This review covers Lee DeForest's activities in New York City, in 1915 to 1916, featuring his experimental "Highbridge" station, 2XG. Contrary to DeForest's assertion that this was the first time promotional announcements had been made in exchange for a company supplying phonograph records, Charles Herrold in San Jose, California had already done the same thing, dating back to at least 1912.
Father of Radio, Lee DeForest, 1950, pages 337-338:

    The top of our High Bridge tower, 125 feet above the factory roof, was yet far below the level of the High Bridge and Washington Bridge, and of the stone cliff on the west side of the Harlem River opposite us. A less desirable site for a transmitting station could scarcely be imagined. However an antenna was now rigged and systematic tests of our transmitter panels and oscillator tubes were undertaken.
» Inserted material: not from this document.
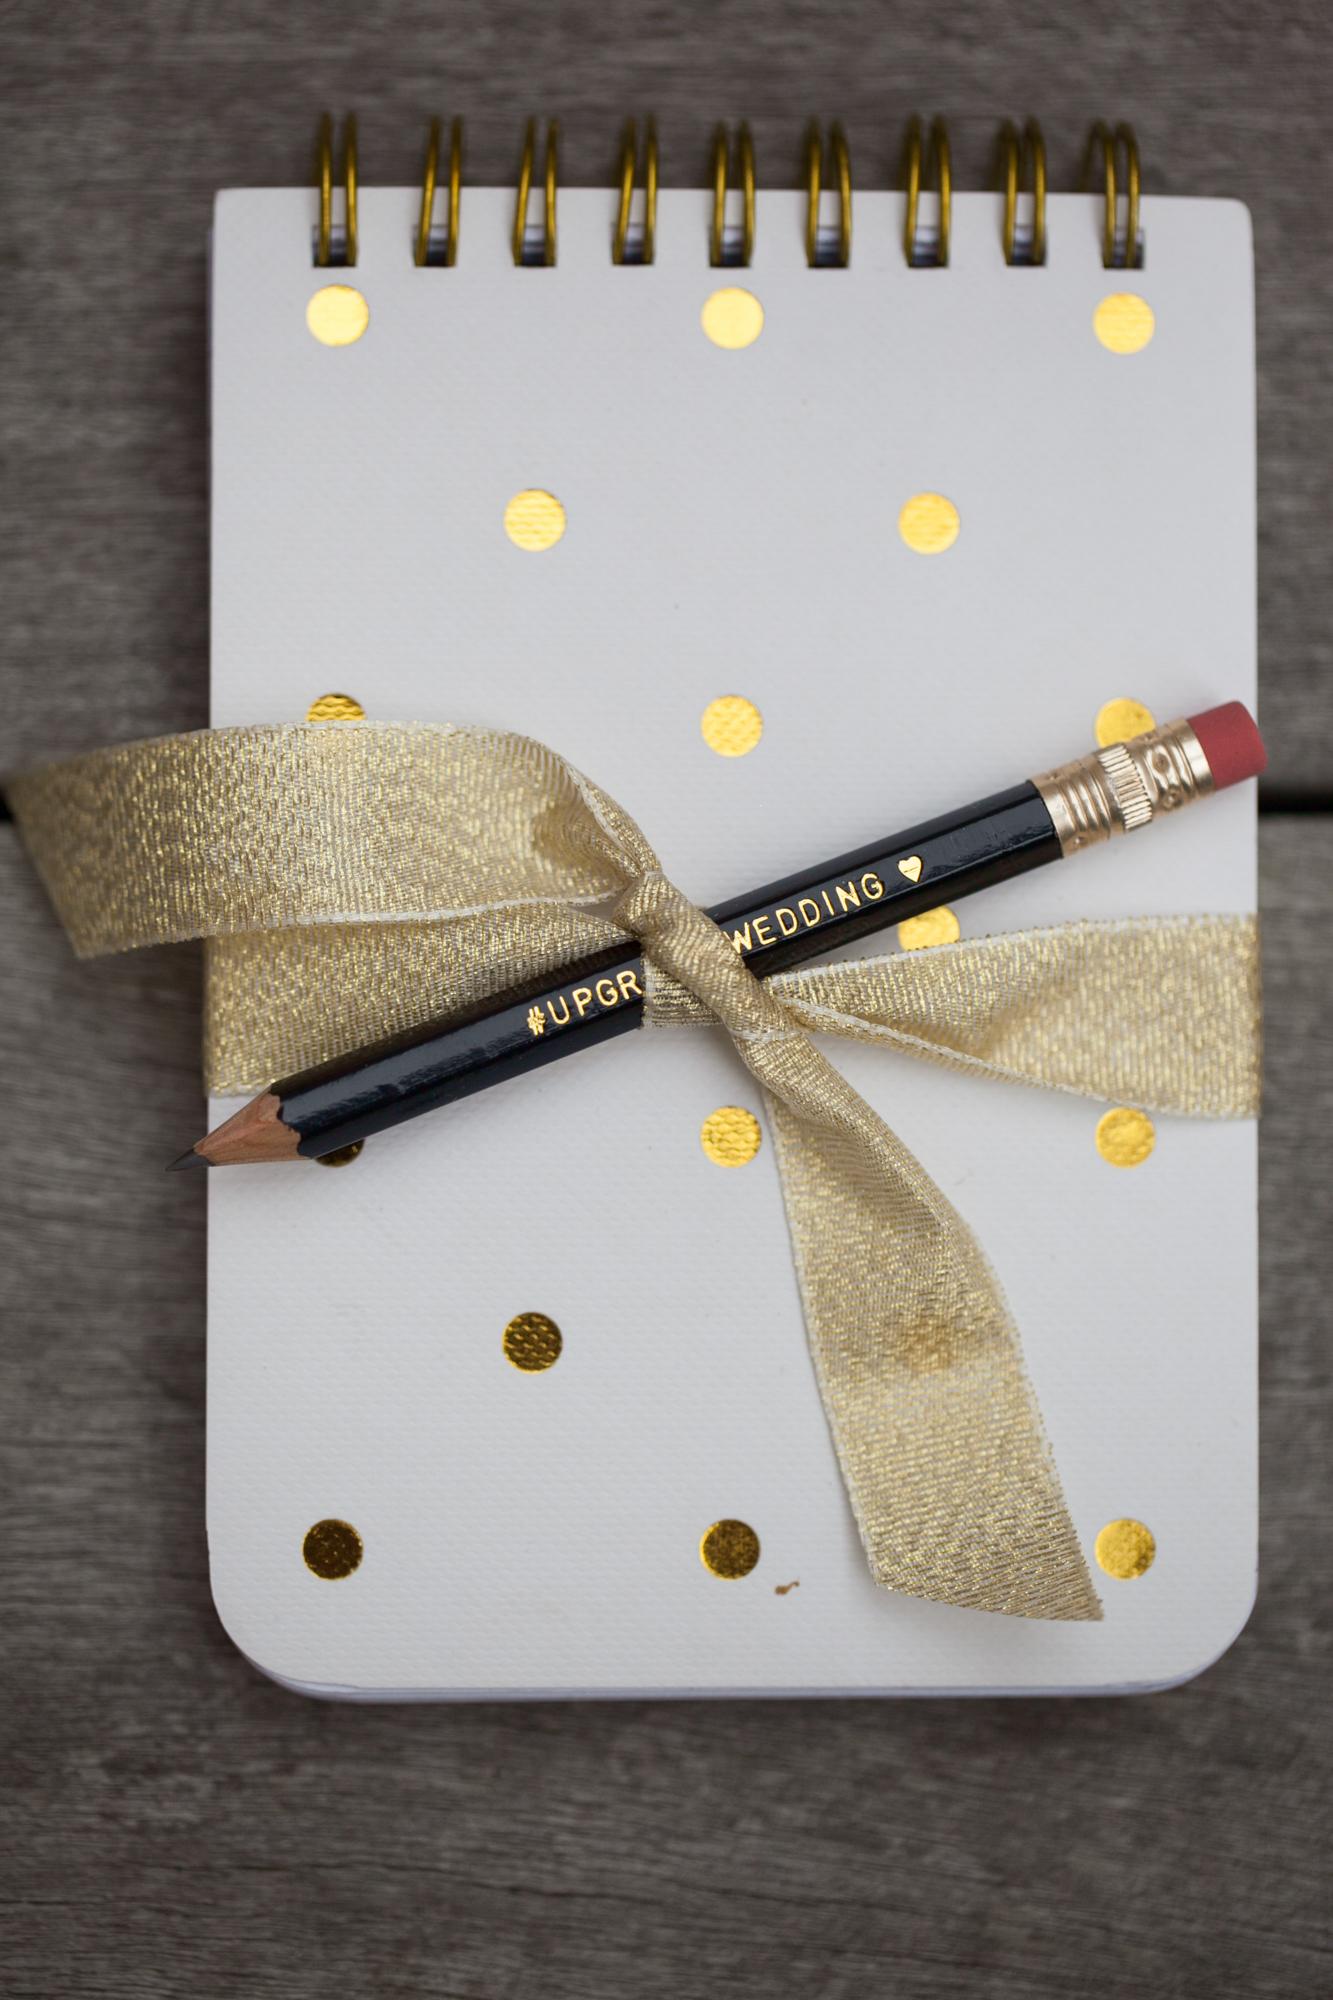 JB_Belle-Mer-Newport-Wedding-Champagne-and-Ink-Blush-Gold-Details-NewportWedding-Inspo-4.jpg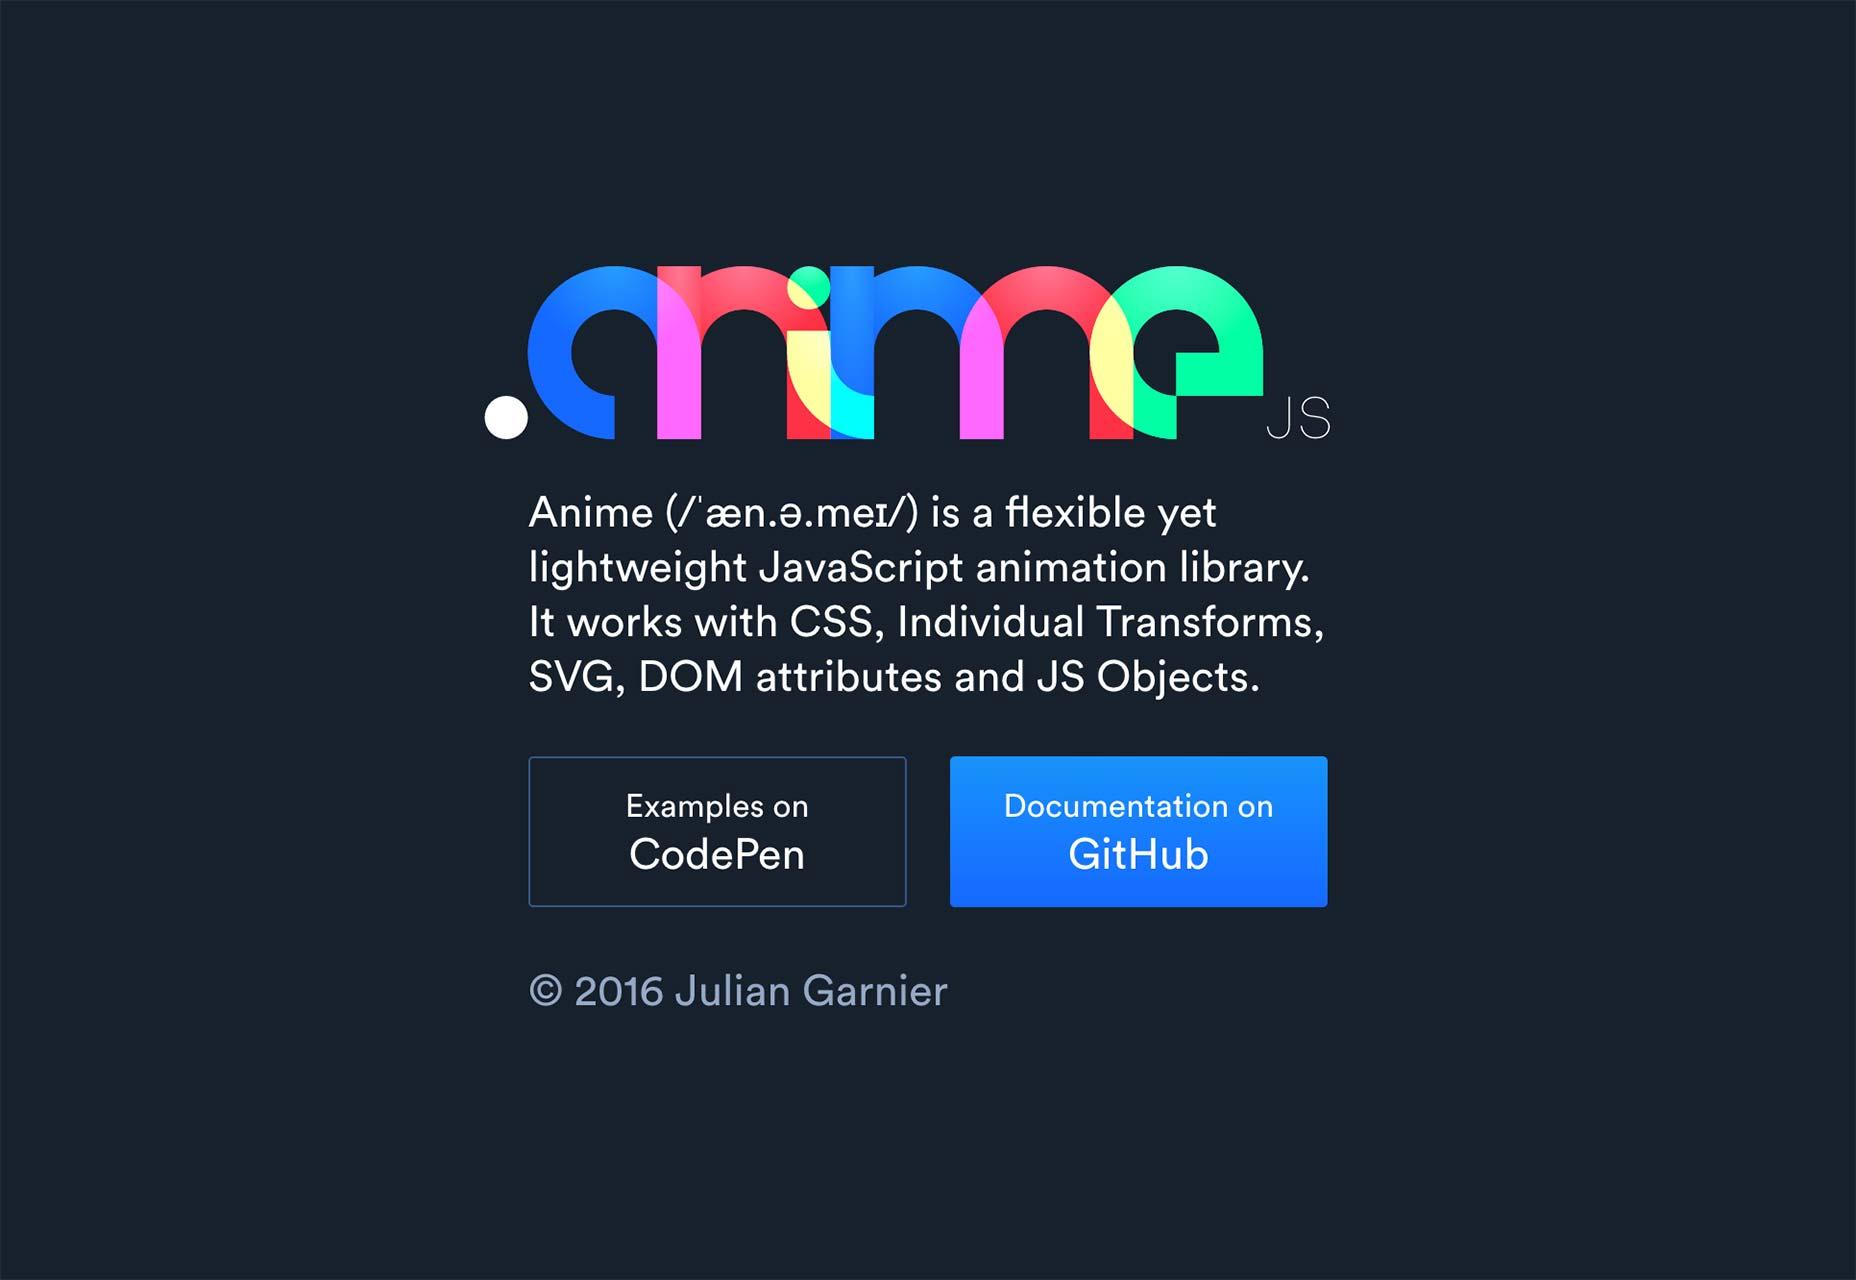 anime_js

    Logwood and I had a number of skilled radio-fan friends in Manhattan and the Bronx, and soon our phone was kept busy with reports from these listeners and others as far afield as Bridgeport, Connecticut, and down New Jersey way.
    One hundred and twenty-five watts output from one tube was our limit as yet. I was after ten times that amount. We now began installing the first "Radio Concert" transmitter at the Columbia Gramophone Building on 38th Street as probably giving us greater ranges than from High Bridge; and with a very sound business idea, thereby to greatly increase our sale of Audions and listening equipment. And Columbia was interested, as a very cheap sponsor, because I was to play each day a goodly number of their new records, announcing the title and "Columbia Gramophone Company" with each playing. Thus I became the world's first "disk jockey." That was then the limit of my radio advertising for this early sire of "CBS."
    This was unquestionably the first "sponsored" radio program service. It aroused a deal of interest on the part of radio fans, not merely telegraph-code hams, and our sales of radio receivers, Audions, and crystal sets, began to pick up most gratifyingly.
    Broadcasting coverage from the 38th Street Columbia Building proving no greater, I moved the transmitter back to the High Bridge tower and resumed our testing, taking with me the Columbia phonograph and a goodly supply of records, with which I continued generously to regale all radio listeners. I distinctly remember how I then began to extol through the microphone the merits of our various radio wares; rather shamefacedly it is true, because I still cherished the earlier, quixotic idea that nought but good music and good entertainment or educational matter should go out over the radio. And when shortly thereafter the Western Electric Company opened up a radiotelephone transmitter for testing purposes on their West Street building, we heard them announce that "they had no superior quality variable condensers for sale." I felt the implied rebuke so keenly that thereafter all advertising matter was taboo from any radio station which I controlled.